The OpenSSH SSH protocol implementation includes the ssh-agent authentication agent. This tool supports two overlapping uses: a safe runtime store for unwrapped private keys, removing the need to enter a passphrase for each use, and a way to forward access to private keys to remote hosts, without exposing the private keys themselves.

The agent is a deliberately simple program, since it holds private keys we consider it part of the TCB and so want to minimise its attack surface. It speaks a simple, client-initiated protocol with a small number of operations including adding or deleting keys, retrieving a list of public halves for loaded keys and, critically, making a signature using a private key. Most interactions with the agent are through the ssh-add tool for adding, deleting and listing keys and ssh, which can use keys held in an agent for user authentication, but other tools can also be used if they speak the protocol.

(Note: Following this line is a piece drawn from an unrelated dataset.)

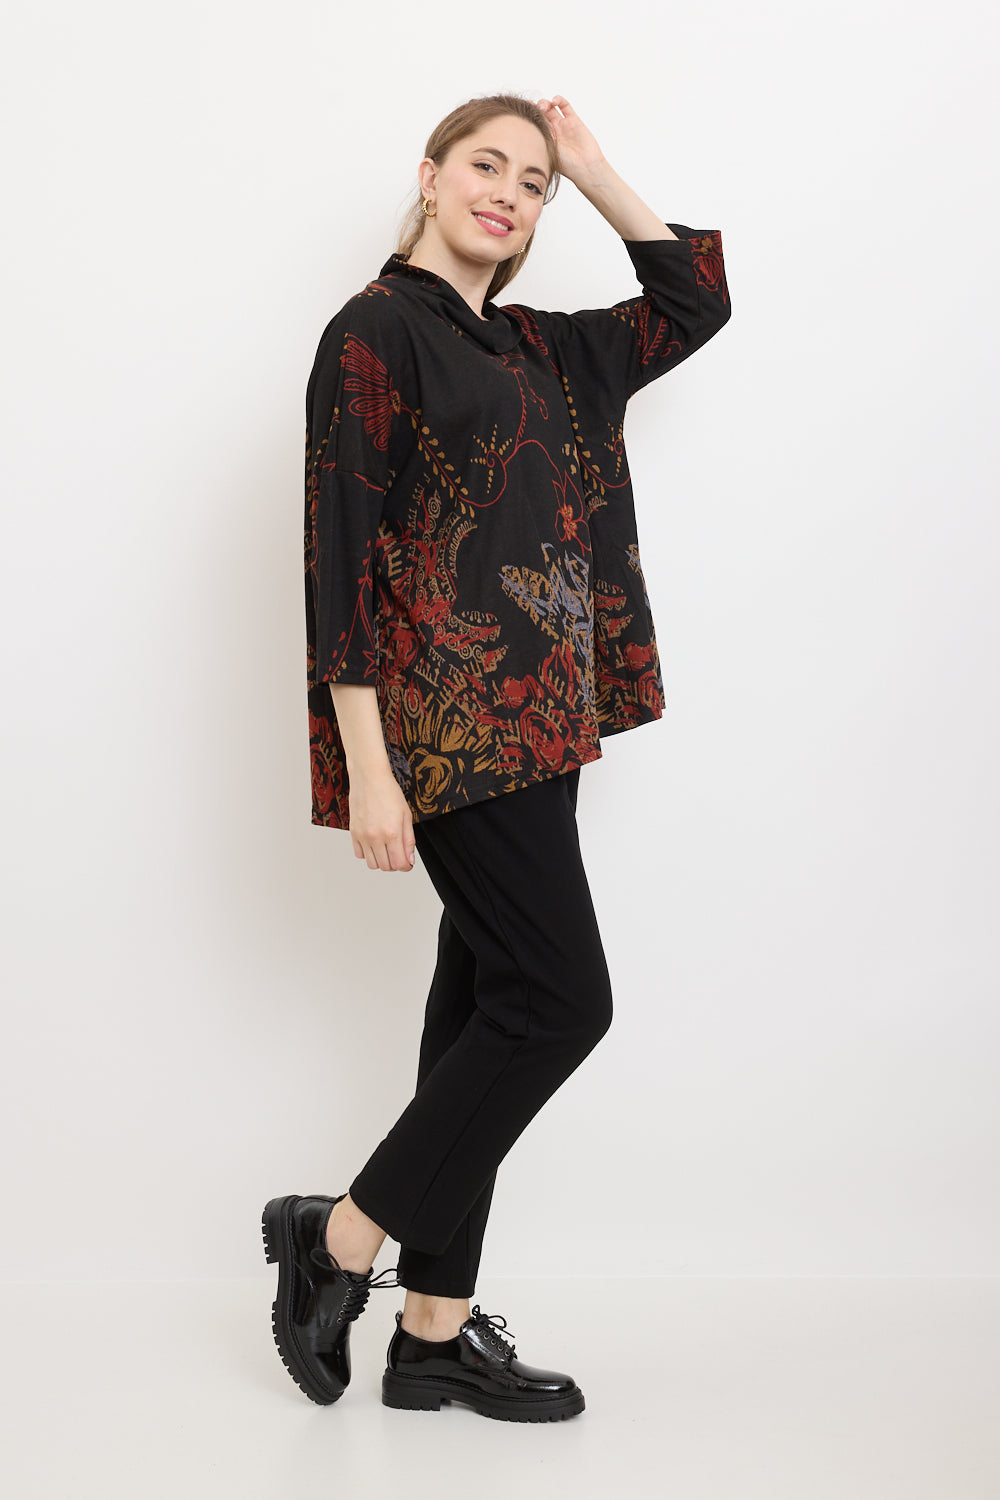 Wildflower patterned blouse

As mentioned above, access to the agent can be forwarded to a remote host. Typically this happens by a SSH client and server arranging to allow remote programs to establish a connection to a local agent and exchange messages over that connection. A forwarded agent appears effectively identical to a local one, as (until now) the protocol offered no way to distinguish between them.

Unfortunately, because the agent holds sensitive keys, it is a desirable and frequently-exploited target for attackers. A typical scenario begins with a user forwarding their agent to a host that is controlled by an attacker. Once this occurs, the attacker has full use of the keys held in the agent and they will typically use them to authenticate a SSH connection to a host they'd like to access.

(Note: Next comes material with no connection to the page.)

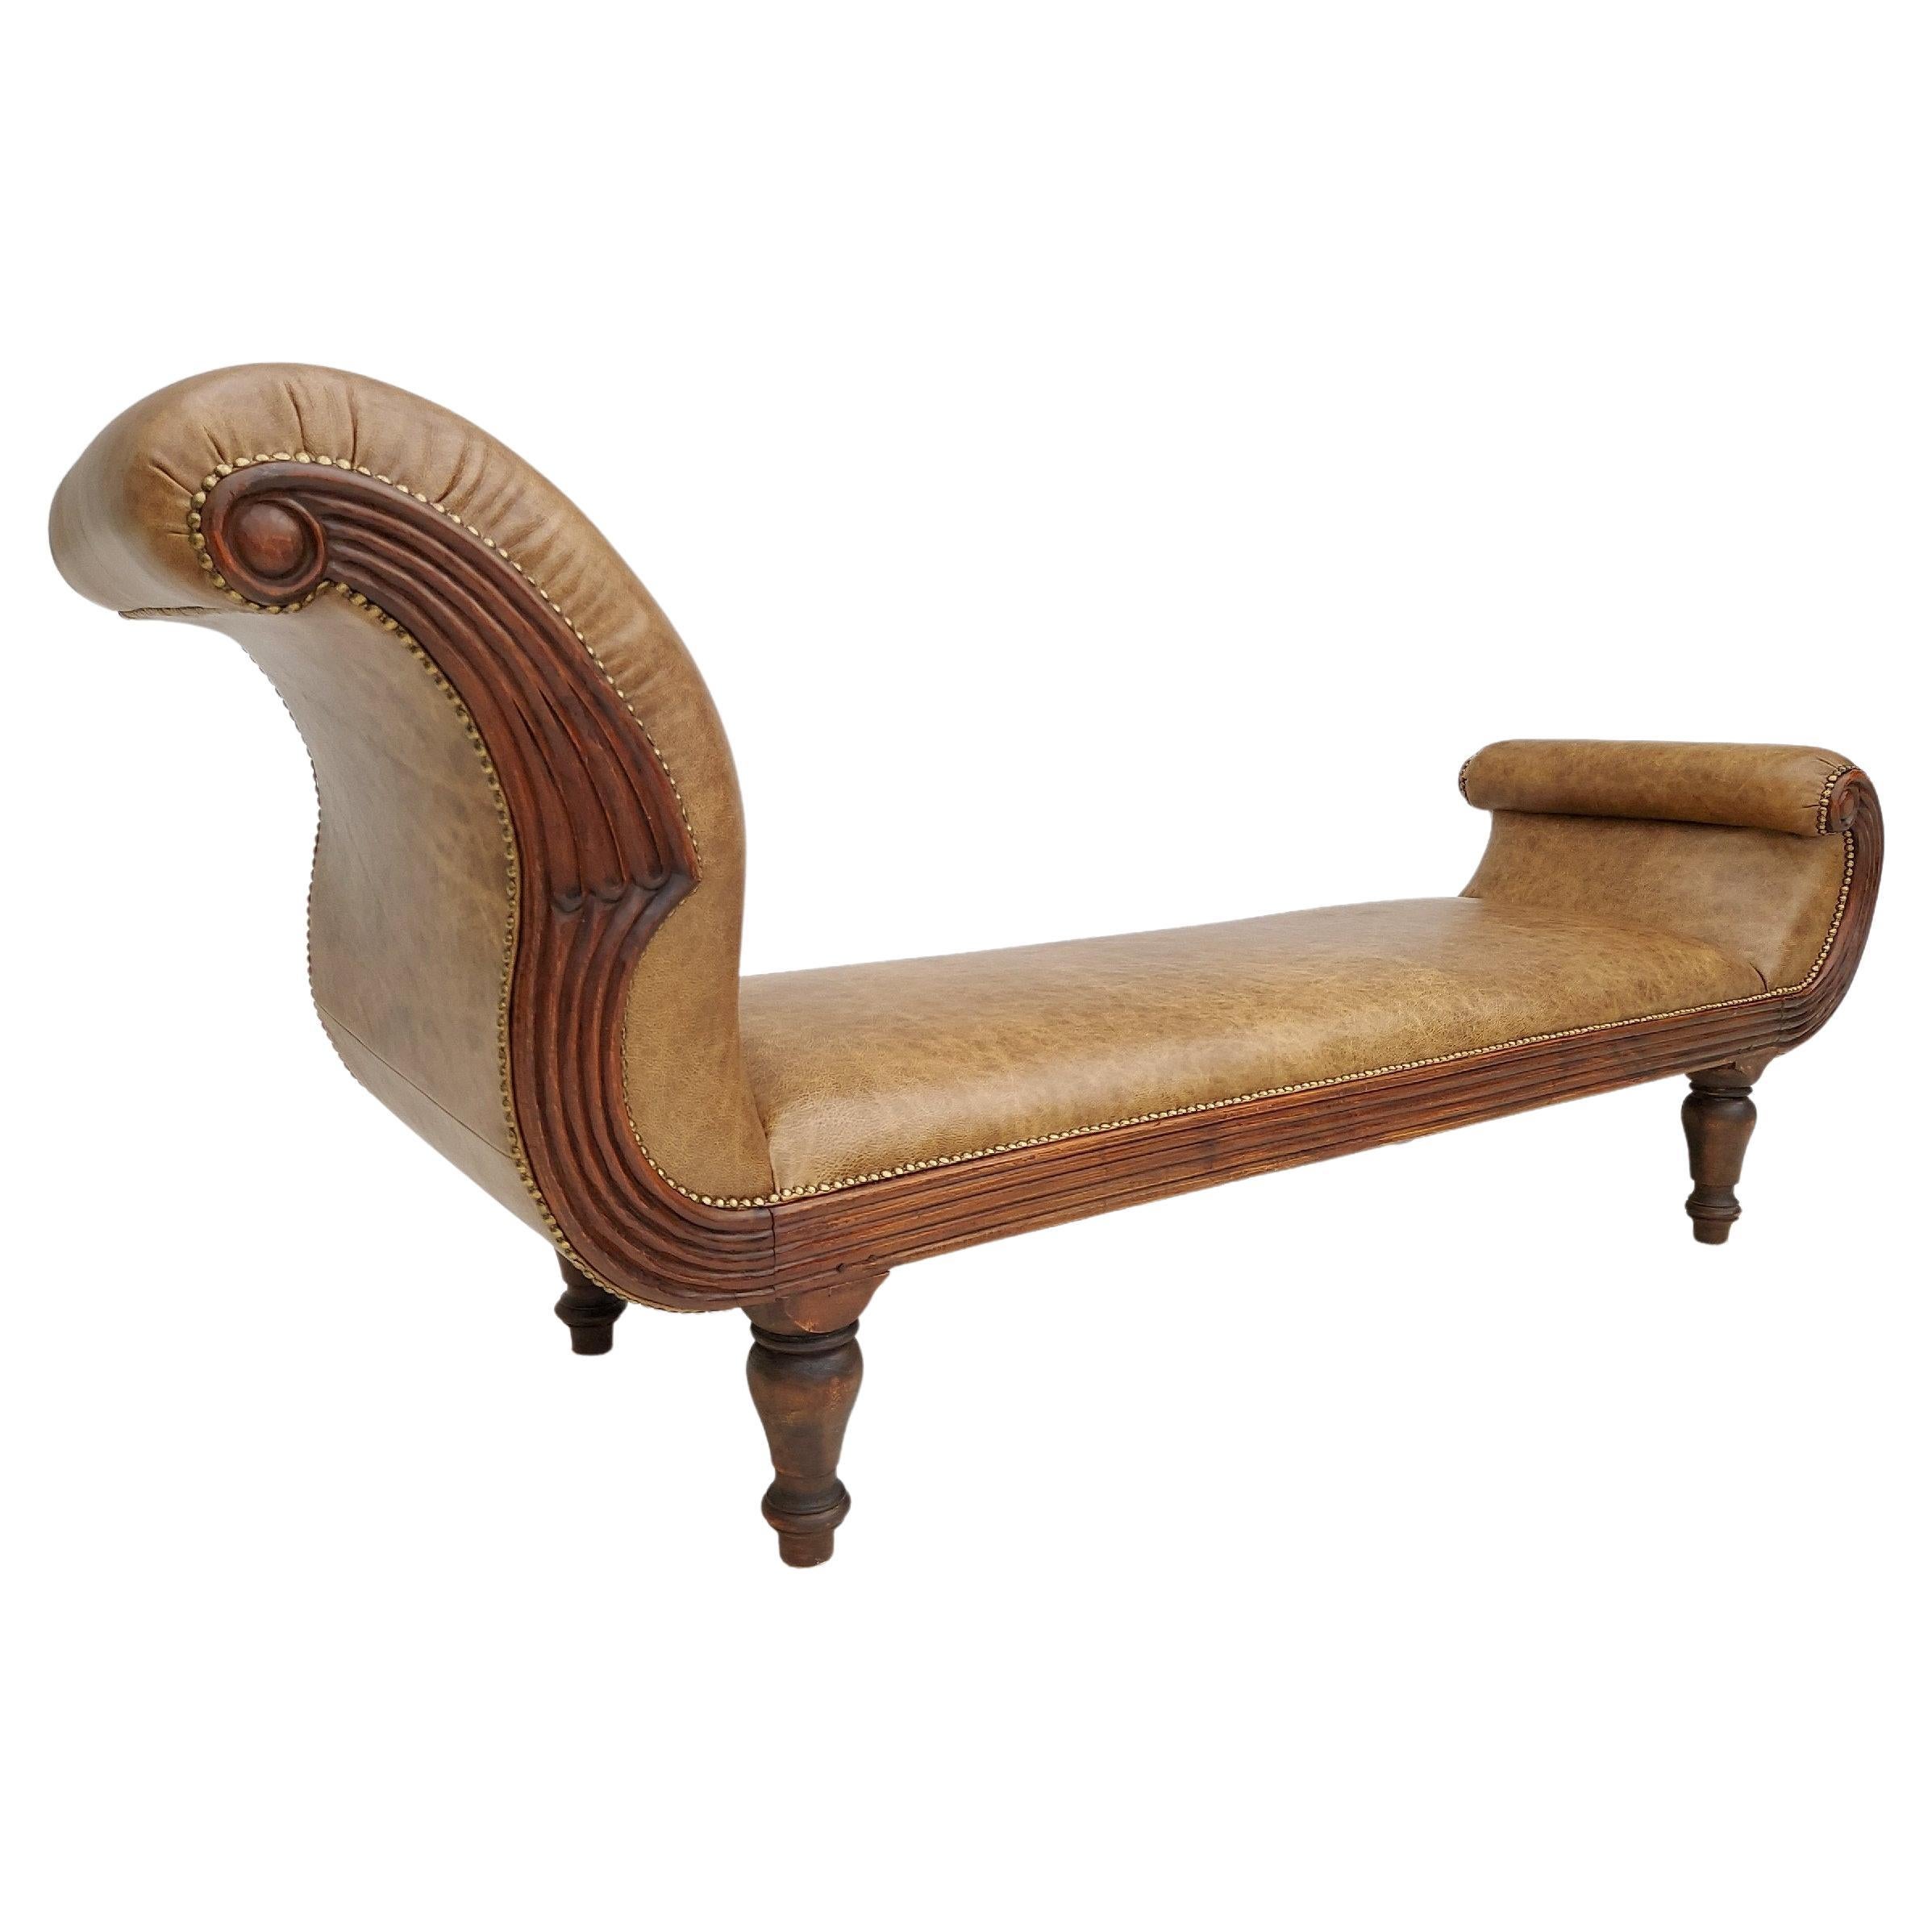 Danish Antique Chaise Longue / Daybed, Early 20th Century, Renovated For Sale

While it is generally better for users to avoid the use of a forwarded agent altogether (e.g. using the ProxyJump directive), the agent protocol itself has offered little defence against this sort of attack. It is possible to make keys auto-expire after a time period or mark a key as requiring confirmation (via a popup window) for each use, but these are seldom used and confirmation is somewhat easy to phish, e.g. if an attacker knows when a user is likely to be making SSH connections - unfortunately the confirmation popups can offer no information on the destination host being authenticated to or the forwarding path the request arrived over. FIDO keys that require user-presence confirmation offer a little more defence, but are also similarly phishable.

What would be better?

Thinking about what would be a better set of controls lets us identify some possible requirements for a safer agent protocol.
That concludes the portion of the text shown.